# Requesting prayers for continued blessings.



## j_seph (Dec 27, 2015)

At 9:30 Christmas night I asked Susan to spend her life with me. We took the first step in this promise when she said yes. Ever since I allowed GOD to move in my life it has been a beautiful journey. Please pray for us that his blessings will still abound as we keep him in the center of our lives.


----------



## Hilsman (Dec 27, 2015)

Congrats!!!!  Will say a prayer for y'all.


----------



## welderguy (Dec 27, 2015)

A good wife is the best gift a man could ever ask for,next to Jesus.
You are a blessed man.Prayers for you both.


----------



## speedcop (Dec 29, 2015)

congratulations!
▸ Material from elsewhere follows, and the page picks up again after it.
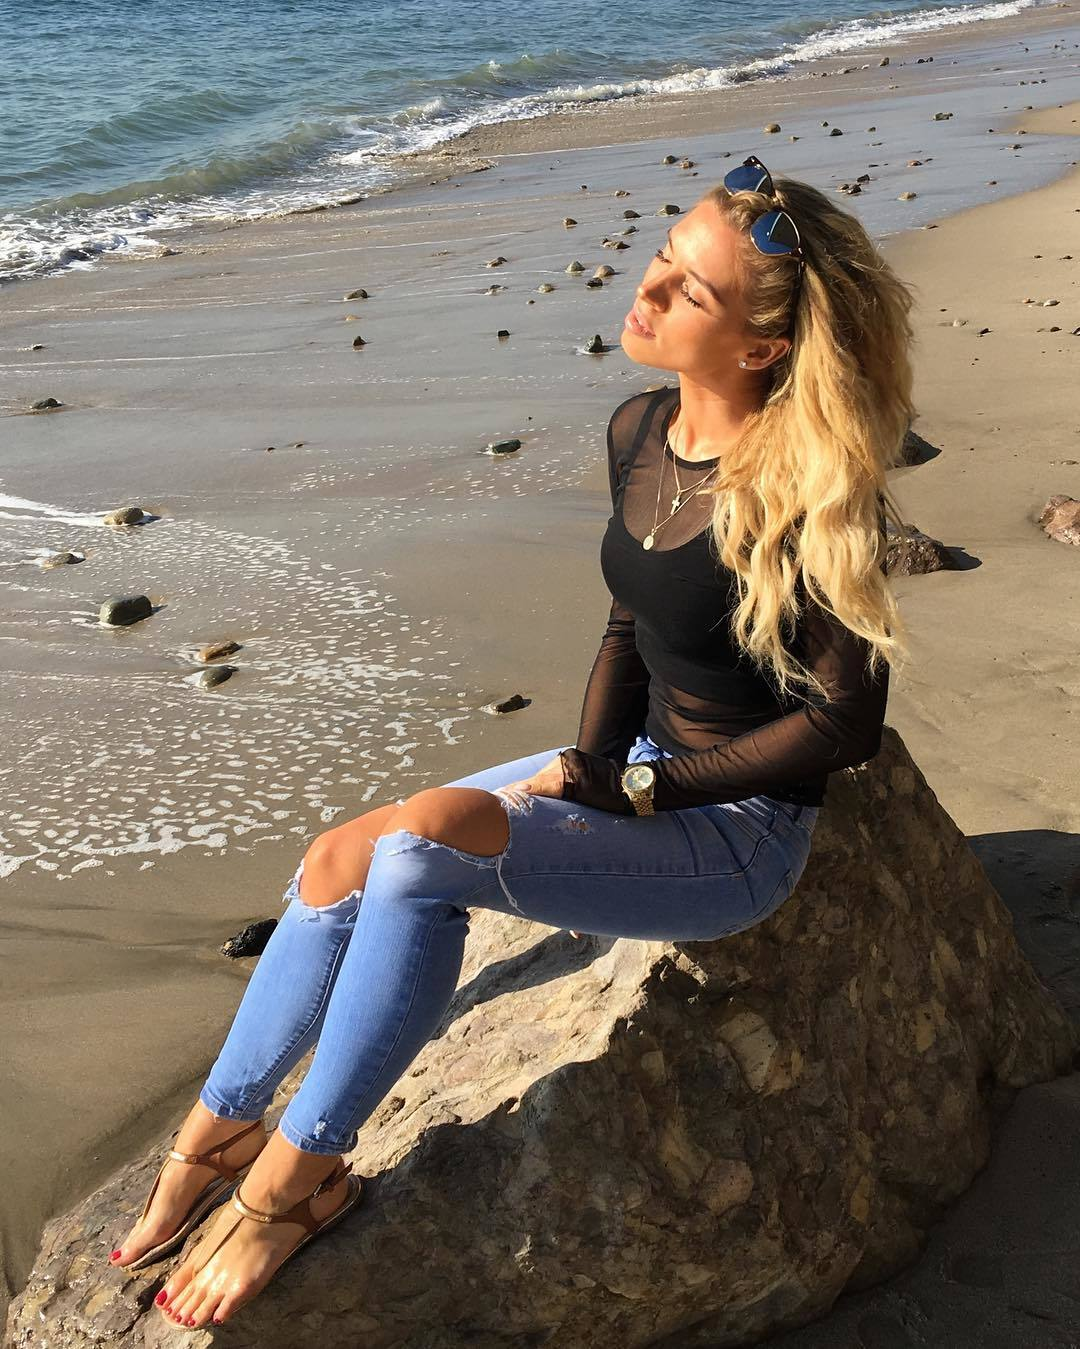 Fuck Carly Chaikin nudes (33 photo), Tits, Paparazzi, Boobs, see through 2017
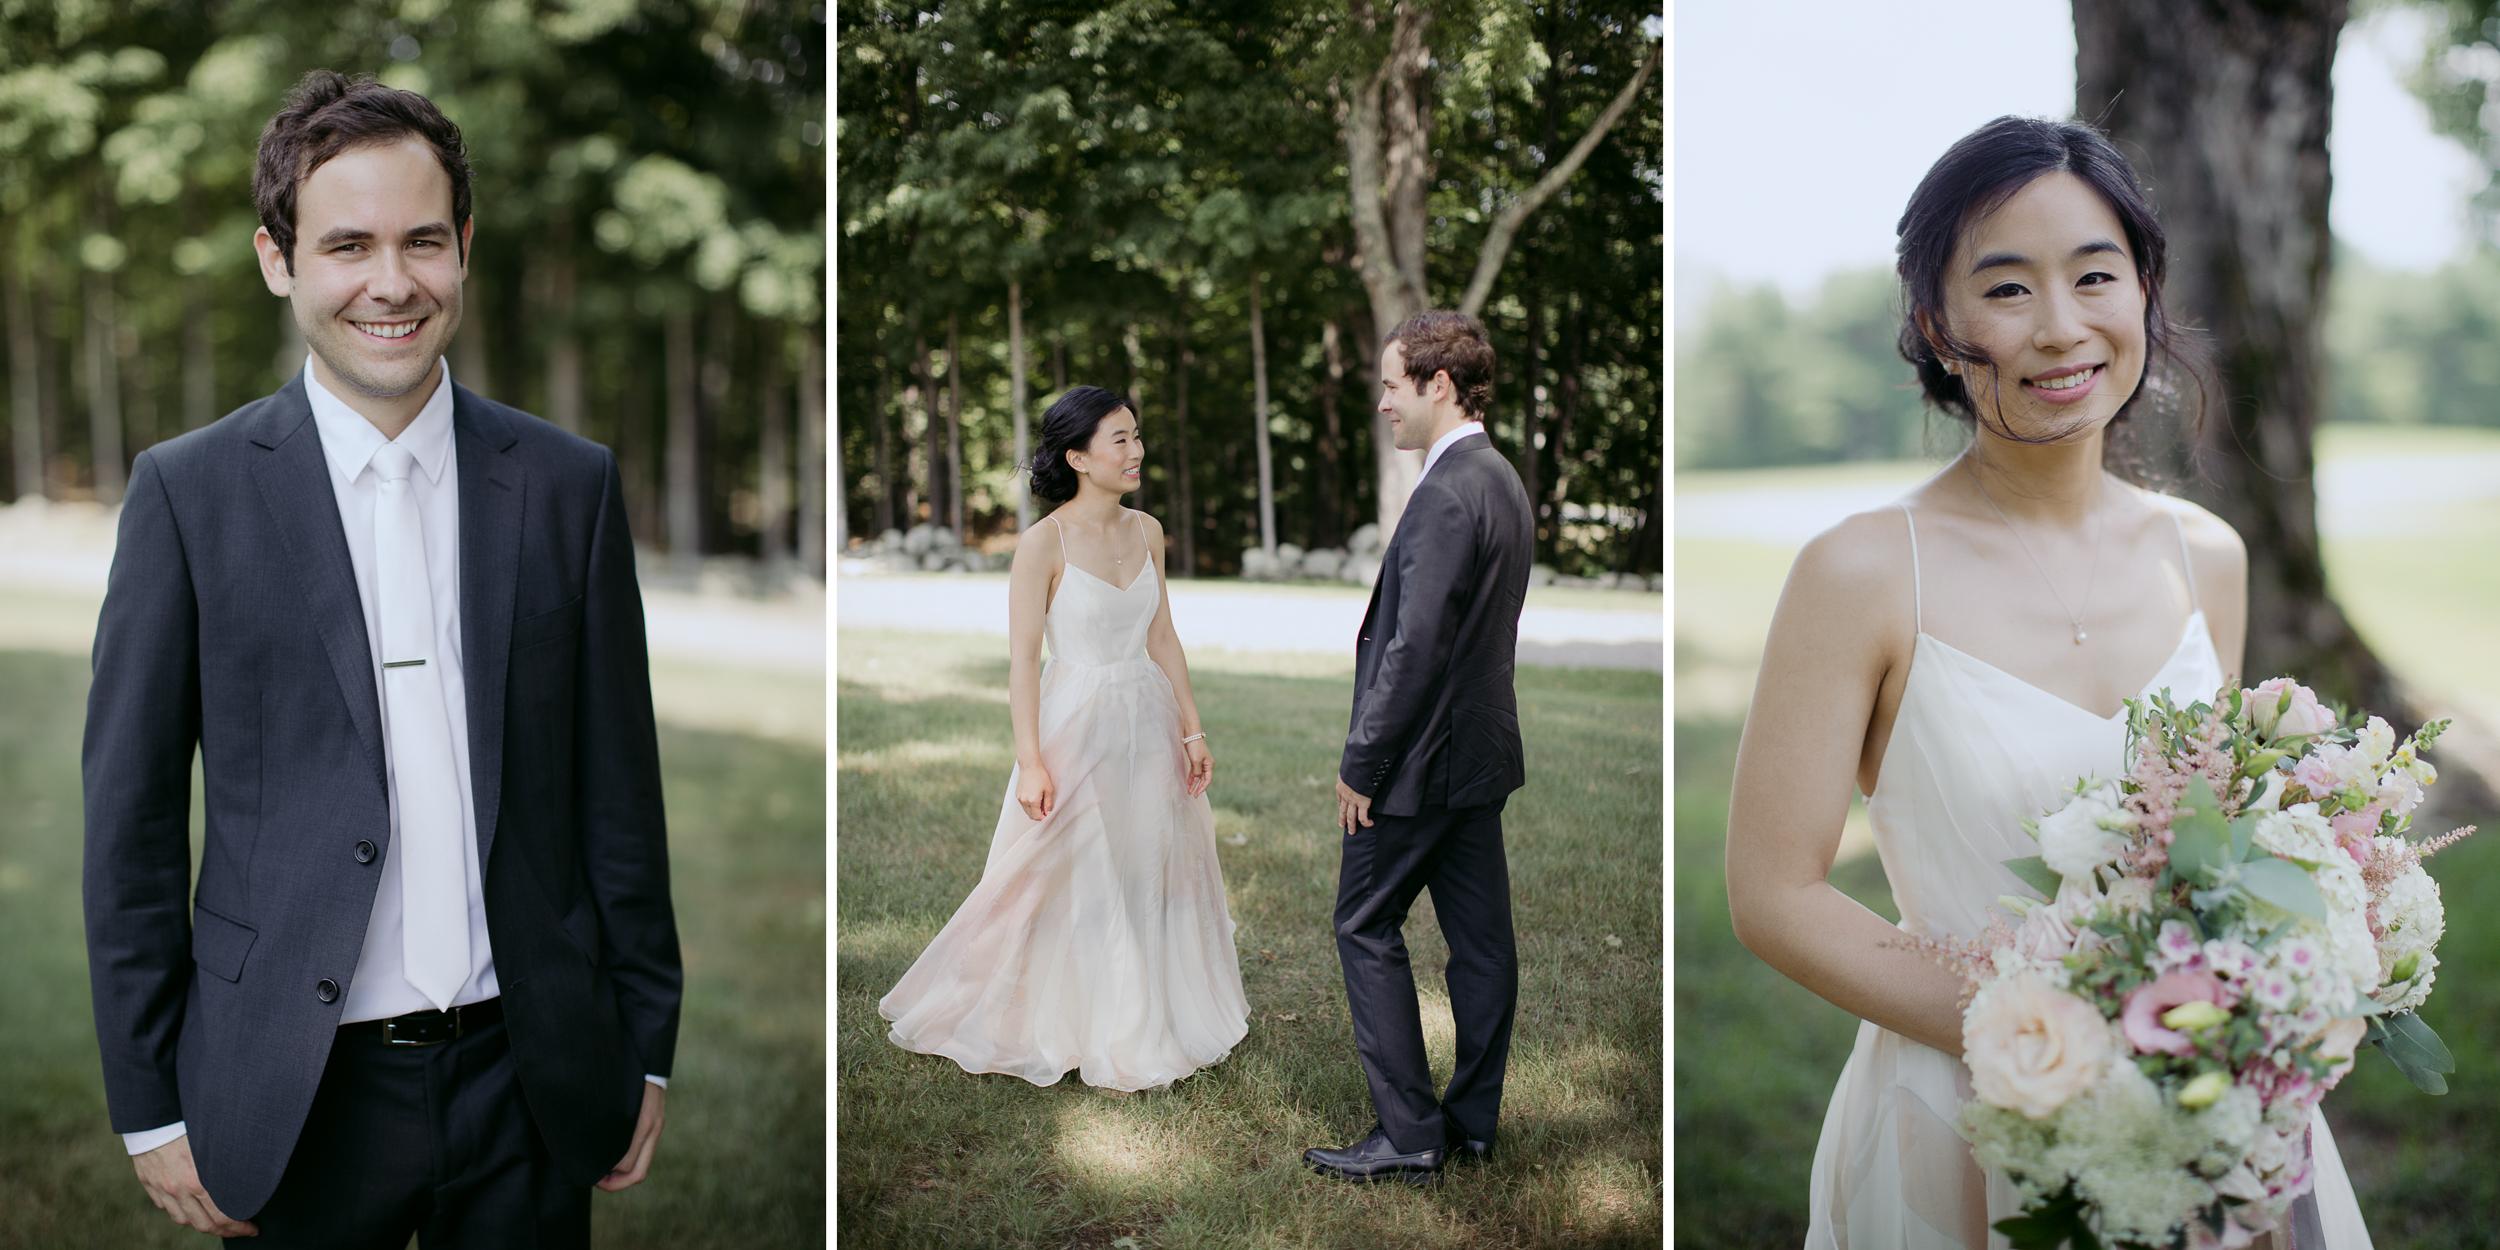 william_allen_farm_wedding_pownal_maine_ilkatayler-5.jpg

How great to hear a young couple invoke God as the center of your lives. Many blessings lay ahead.


----------



## Core Lokt (Jan 5, 2016)

Congrats man!!! Praying for a successful and happy marriage for both of you.


----------



## riverbank (Jan 6, 2016)

Core Lokt said:


> Congrats man!!! Praying for a successful and happy marriage for both of you.



X2 ! Thats awesome.


----------



## Headshot (Jan 6, 2016)

Congratulations to both of you.  Prayers added for you, too.


----------



## mattech (Jan 7, 2016)

Man, that's awesome, I'm so happy for both of you.


----------